Do you have a reference for which algo this implements versus what Base uses? Or is it the same thing just tweaking the Julia implementation to be faster?
Most of the speed difference is that these algorithms only have 1 branch in the normal case. (The branch is for answers with subnormal, 0, Inf or Nan outputs). This both speeds things up, but also allows for automatic vectorization.
For Float32, the algorithm is pretty similar to base, except it uses a 7 term polynomial instead of a much shorter rational function.
The Float64 version is fairly different. It uses a table with 256 elements, to reduce the range the polynomial kernel needs to approximate. This allows a much smaller polynomial to maintain full accuracy.
The Float64 version also has a bunch of minor tricks to get full precision with minimal use of double-double arithmetic. The two main tricks are storing extra bits in the table, and having the kernel approximate expm1 instead of exp.
Can you share how the coefficients for the expm1b_kernel have been chosen? For the ::Val{ℯ} case, I can recognize off-hand that those aren’t quite the Taylor series coefficients, so I’m guessing they’ve been numerically optimized in some way.
(I’ve been silently following the Julia PR, and I got sucked into trying to understand where all the constants were coming from. So far I have not been able to get a minimax optimization to reproduce those specific coefficients, so I’m curious if there’s some extra constraints I haven’t been able to reverse engineer yet.)

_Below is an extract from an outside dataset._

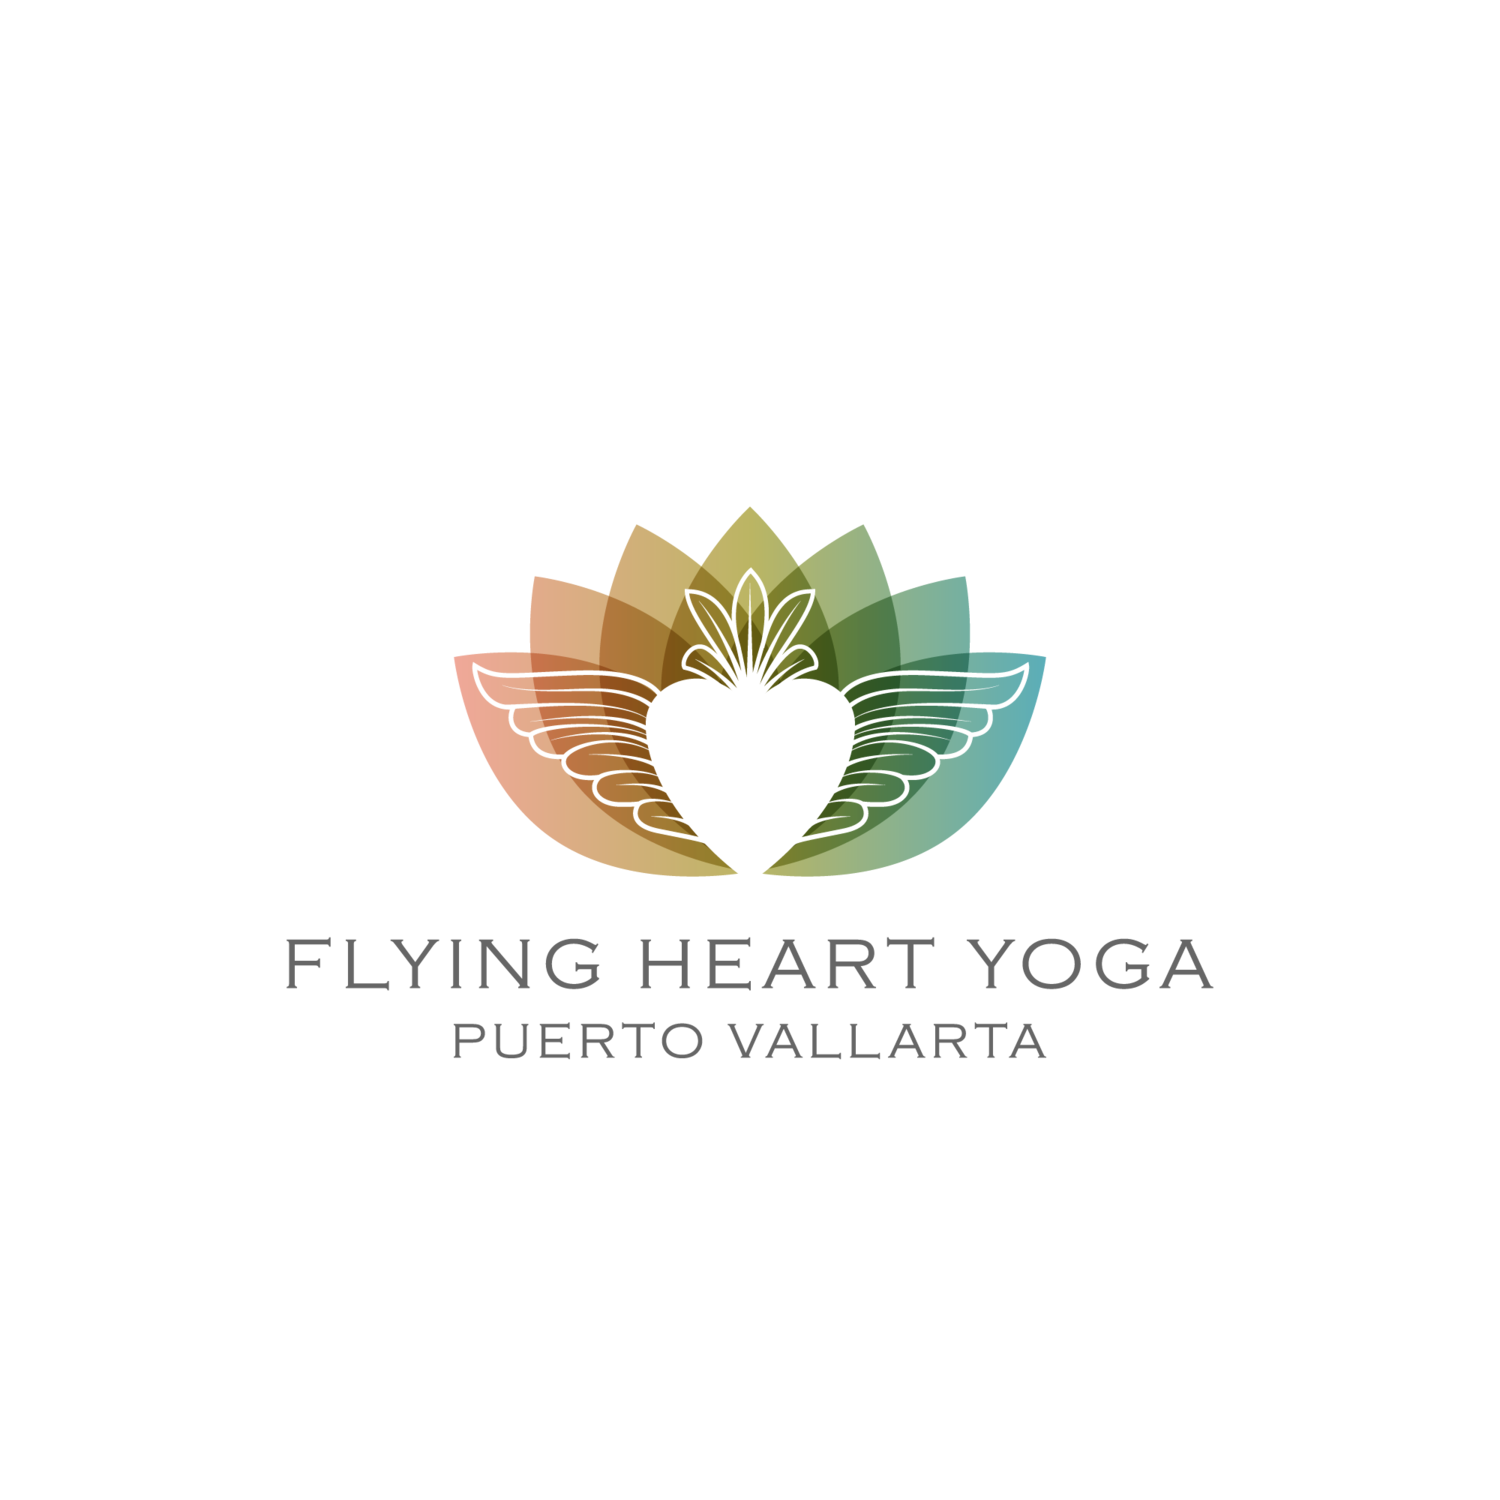 Flying Heart Yoga Puerto Vallarta

The coefficients are minimax polynomials obtained by Remez.jl. The thing that’s a little tricky is that since I want the first coefficient to be 0, I actually approximate x -> x == 0 ? one(x) : expm1(x)/x. Then to make it so the error minimization is absolute error with respect to expm1, you need to weight the error function by a factor of x. Thus the full way to generate the weights (for ::Val{ℯ}) ends up being
One thing worth looking into (especially for Float32) is if rounding these coefficients means that the error they generate increases significantly. If so, it might be worth doing an exhaustive search of nearby coefficients to see if any combination gives better results.
OK, thank you for the clarification. I see now that given your weight function, that’s a minimax of the absolute error — I’d been playing around with minimaxing the relative error (so my weight function was x -> iszero(x) ? one(x) : x / expm1(x)). I also coded up my own minimax algorithm (as a way to teach myself the principles), so I’m guessing part of the remaining residual difference is just some implementation details on my part.
They don’t give exactly the same results, but the Float64 versions have a maximum error of .76 ULPs compared to .88 ULP for base. For Float32, my versions have a max error of 1 ULP compared to .9 for base.
Does interval arithmetic provide an easy way to get the maximum error of a polynomial (in ULPs)? If so, how would I do it? I’m thinking of trying an exhaustive search for better polynomials than the rounded minimax polynomials, but exhaustive checking is too slow.
Do you mean get a faster method for expm1(x)? I don’t have one done yet, but plan to. The reason expm1b kernel isn’t good enough is that it’s designed to only be accurate enough when you add 1, which wipes out a lot of the least significant bits (at least 10). Since expm1 has outputs close to 0, it is much harder to approximate within 1 ULP.